I want to slap Rick, but I restrain myself. With all of these people here who are obviously on his side, I would probably end up getting hurt myself.

Rick sighs as he walks over to the sideboard and picks up a pretty white abalone shell filled with what looks like herbs. How had I not noticed that before? Was he doing drugs now? My heart breaks in my chest at the thought. I’d tried to be the best wife I could be, but it obviously wasn’t enough.

“I haven’t found anyone able to fully exorcise her from the house, but I can make her go away for a little while.”

He lights the herbs with a lighter he picks up from beside the shell. The smoke rising up from the dish smells pleasant, but it makes me very sleepy. I try not to breathe it in, I have no idea what kind of drugs are in there and I want no part of it, but the smoke seems to follow me and cling to my hair and skin.

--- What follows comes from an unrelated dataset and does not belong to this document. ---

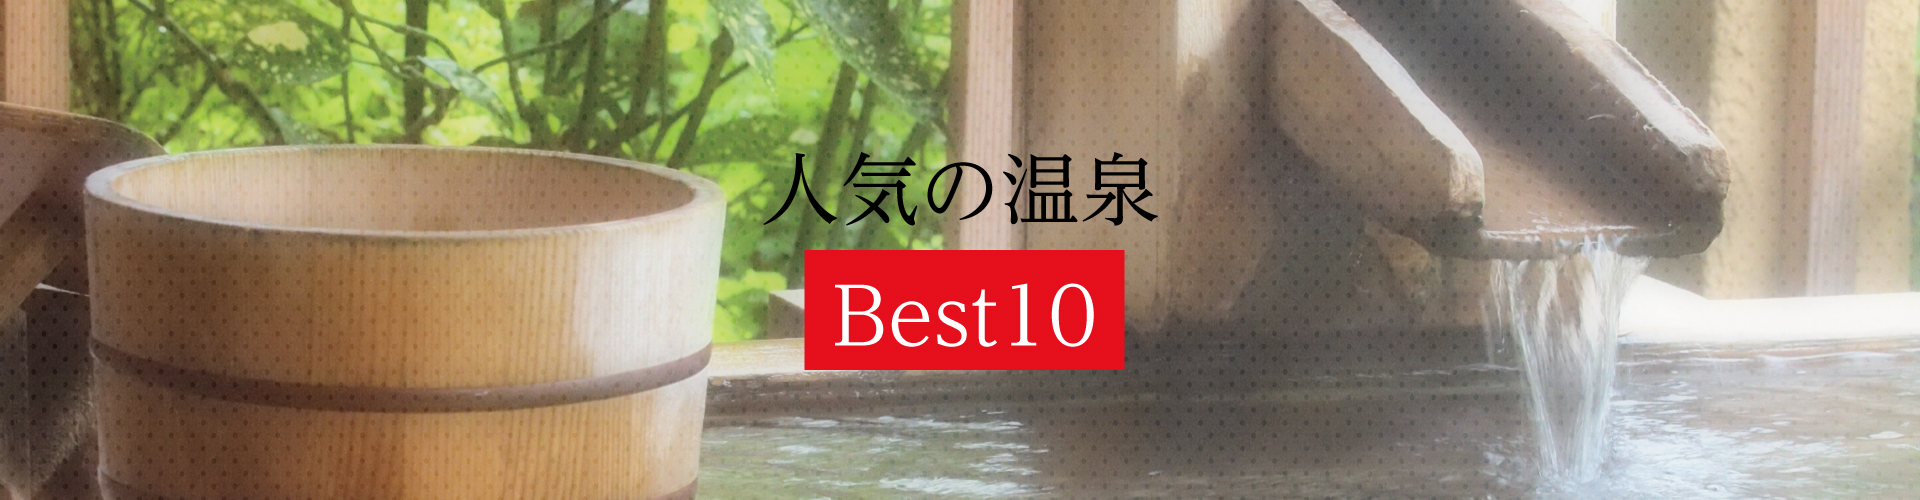 人気の温泉 Best10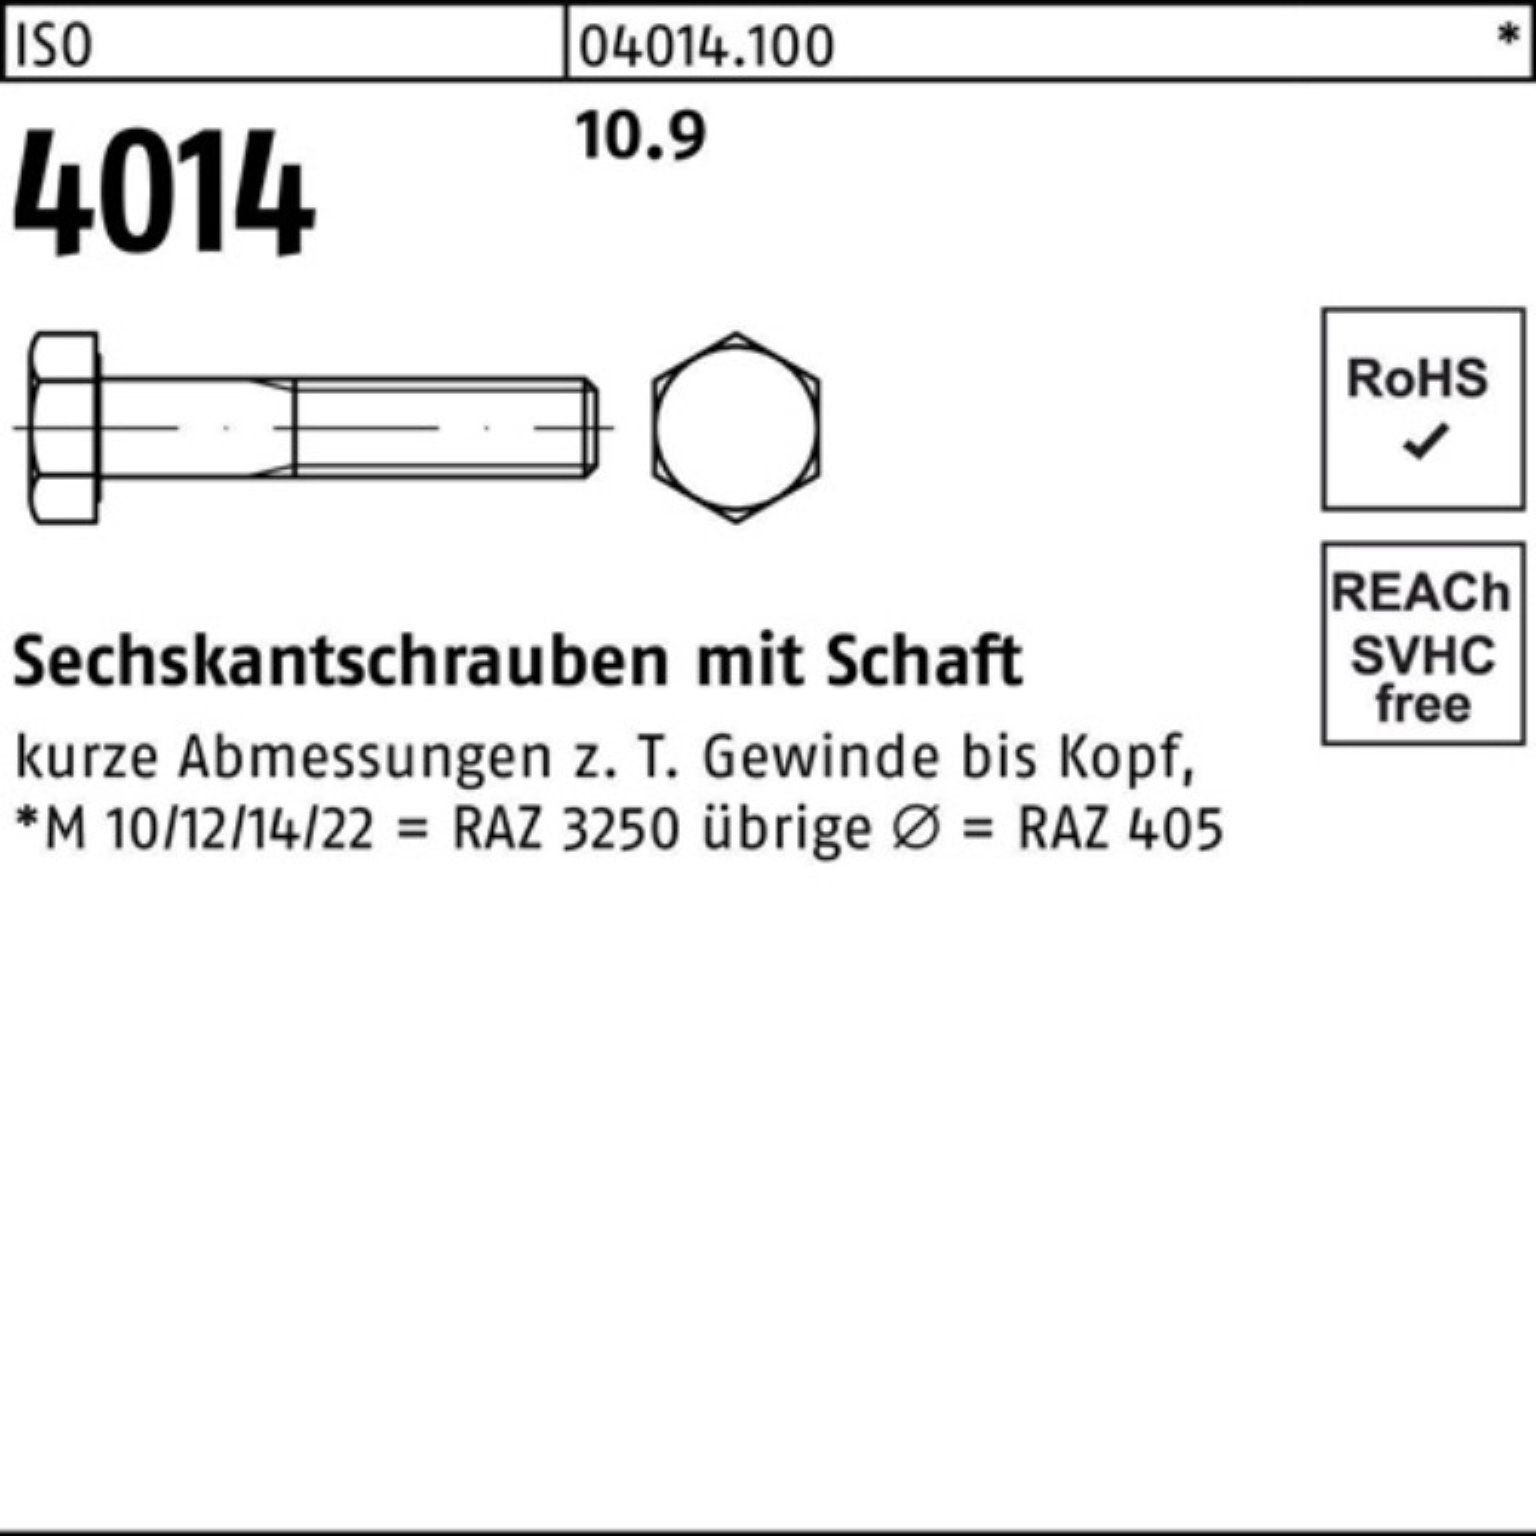 Bufab Sechskantschraube 100er Sechskantschraube 10.9 Stück Pack ISO 1 IS M20x 4014 Schaft 290

“Karen Stevenson, you’re dead. You don’t belong in this world any longer. I beseech you to move on to the next path of your journey.”

The room is growing darker. I can barely see the dark figures who are starting to move around the room, touching my things. Finally, I can’t see anything at all.


My husband will be home in less than an hour. It’s our anniversary, so I need to make sure everything is perfect. Rick had the entire kitchen remodeled as his present to me so I need to make sure this night is absolutely right.